監査論は「疑うこと」ではなく
「信頼をつくる技術」なんじゃよ
〜シリーズ7:会計士試験に挑む孫へ、監査の本質の話〜
孫よ、監査論を学び始めると、「疑う」「不正を見つける」「チェックする」そんな言葉ばかり目につくじゃろう。
じゃがな、それだけで監査を理解したと思ってはいかん。
監査とは、疑うための仕事ではなく、信頼を成り立たせるための仕組みなんじゃよ。
会計ばあは長く数字を見てきたが、どんなに立派な会社でも、人が関わる以上、誤りや思い違いは起きる。

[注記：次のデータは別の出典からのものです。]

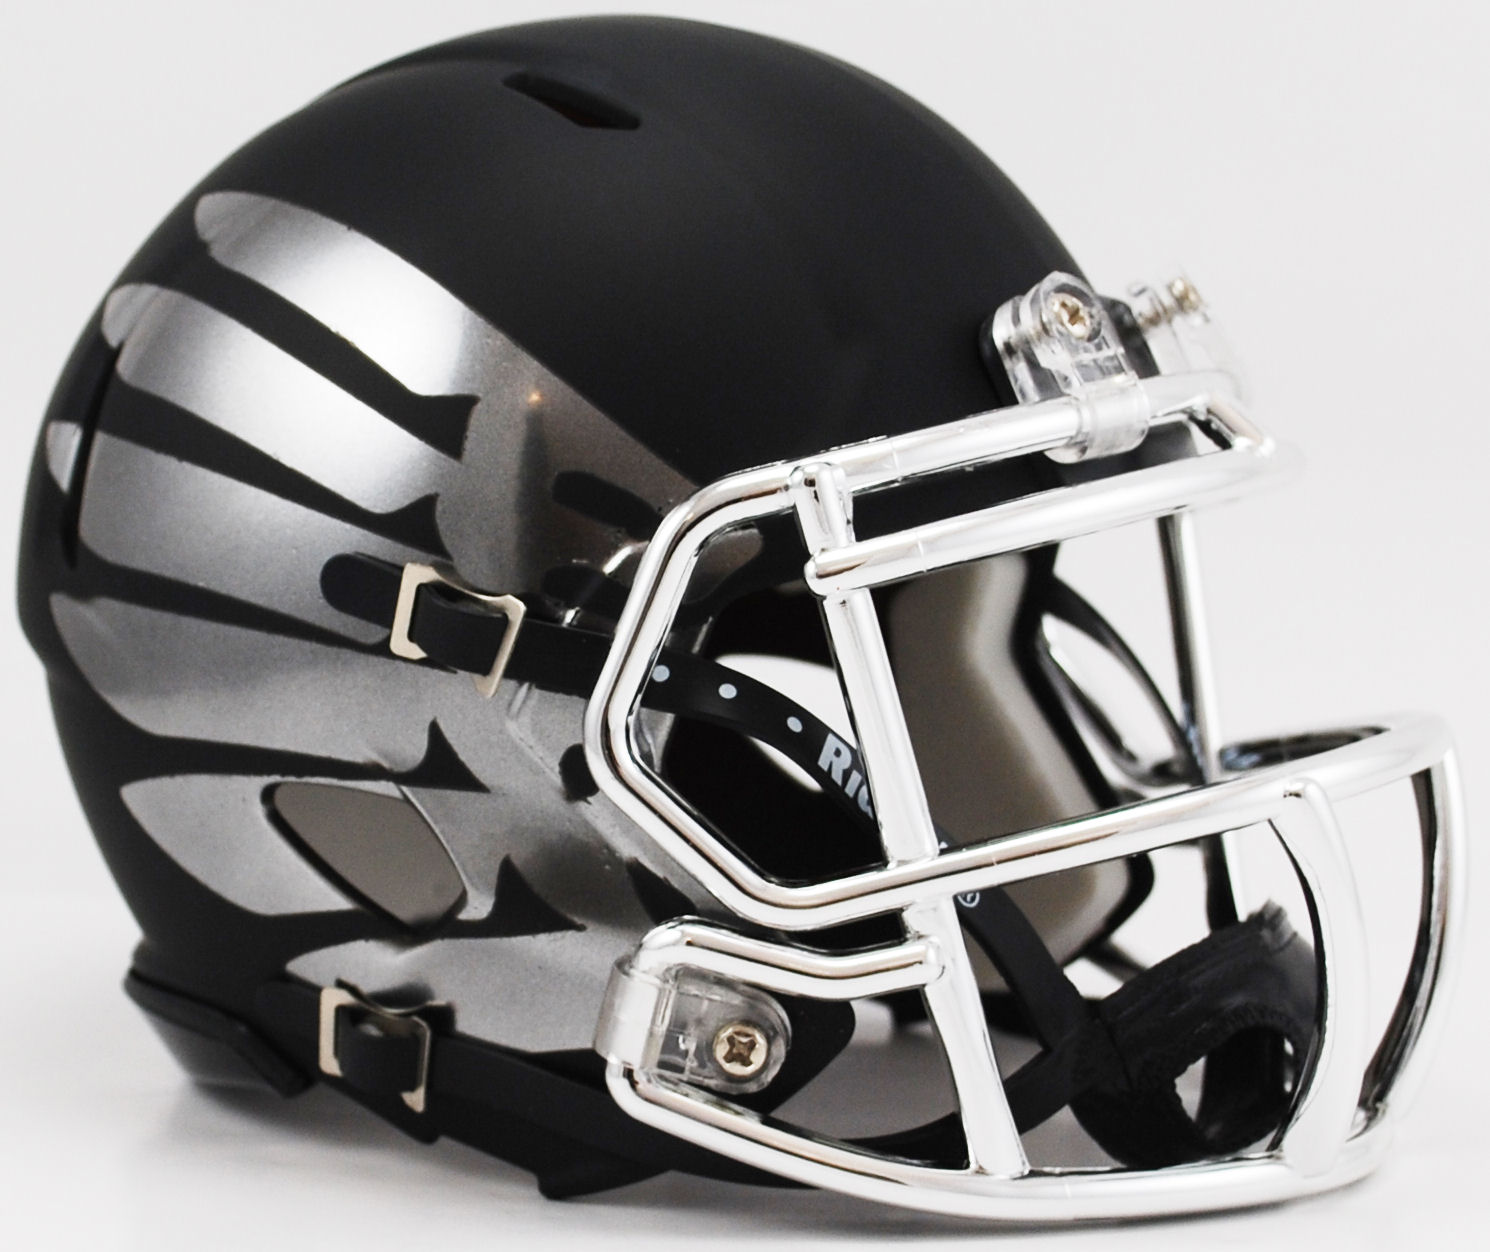 Oregon Ducks Liquidmetal Mini Football Helmet Titanium Black Eclipse Hydroskin Mini Football Helmet Football Helmets Oregon Ducks

ときには、意図せず間違え、ときには、都合よく見せたくなることもある。
だからこそ、外から確かめる役割が必要になる。
それが監査じゃ。
そして、その役割を担うのが、公認会計士なんじゃよ。
監査論で最初につまずく理由
多くの受験生は、監査論を「暗記科目」として扱ってしまう。
基準、用語、手続、意見の種類。
たしかに覚えることは多い。
じゃが、それだけで進めると、すぐに限界が来る。
問い方が少し変わるだけで、答えが揺らいでしまうからじゃ。
会計ばあの核心
監査論は、「なぜその手続をするのか」を理解しておらんと、応用が効かんのじゃ。
ただの丸暗記では、試験では戦えん。
たとえば、監査証拠。
「十分かつ適切」という言葉だけ覚えても意味は薄い。
なぜ十分である必要があるのか。
なぜ適切でなければならないのか。
それは、最終的に監査意見という形で「この財務諸表は信頼できる」と言うためじゃ。
つまり、証拠はその裏付けなんじゃよ。
監査は「流れ」で理解するのじゃ
監査論は、単発の知識として覚えるよりも、「流れ」で捉えることが大事じゃ。
- リスクを把握する
- 重要な部分を見極める
- 証拠を集める
- 判断する
- 意見を出す
この流れを頭に置いておけば、個々の論点がつながって見えてくる。
監査手続も、内部統制も、すべてこの中のどこに位置するかで理解できるようになるんじゃ。
孫への勉強のコツ
問題を解くときは、必ず「今どの段階の話をしているのか」を意識すること。
それだけで理解の深さが変わる。
「疑う」と「信じる」の間にあるもの
孫よ、ここが監査論で一番大事なところじゃ。
監査人は、何でもかんでも疑うわけではない。
じゃが、無条件に信じるわけでもない。
その間にあるのが、「職業的懐疑心」じゃ。
これは疑い深さではなく、常に可能性を考えながら判断する姿勢のことじゃ。
「本当にこれで良いのか」
「見落としていることはないか」
そう問い続けながらも、必要以上に疑いすぎない。
そのバランスが、監査人の価値なんじゃよ。
今日のまとめ
監査論は暗記ではなく、「信頼をどう作るか」を考える科目じゃ。
手続や基準の裏にある意味を理解することで、初めて応用が効くようになる。
そして、疑いと信頼の間で判断する力こそが、監査の本質なんじゃよ。
孫よ、監査論は最初はつかみどころがないかもしれん。
じゃが、流れと意味がつながったとき、一気に視界が開ける。
焦らず、一つ一つの論点に「なぜ」を添えること。
それが、試験でも実務でも通用する力になる。
梅の花は、寒さの中で静かに咲く。
派手ではないが、芯が強い。
監査論も同じじゃ。
じっくり根を張れば、必ず力になる科目なんじゃよ。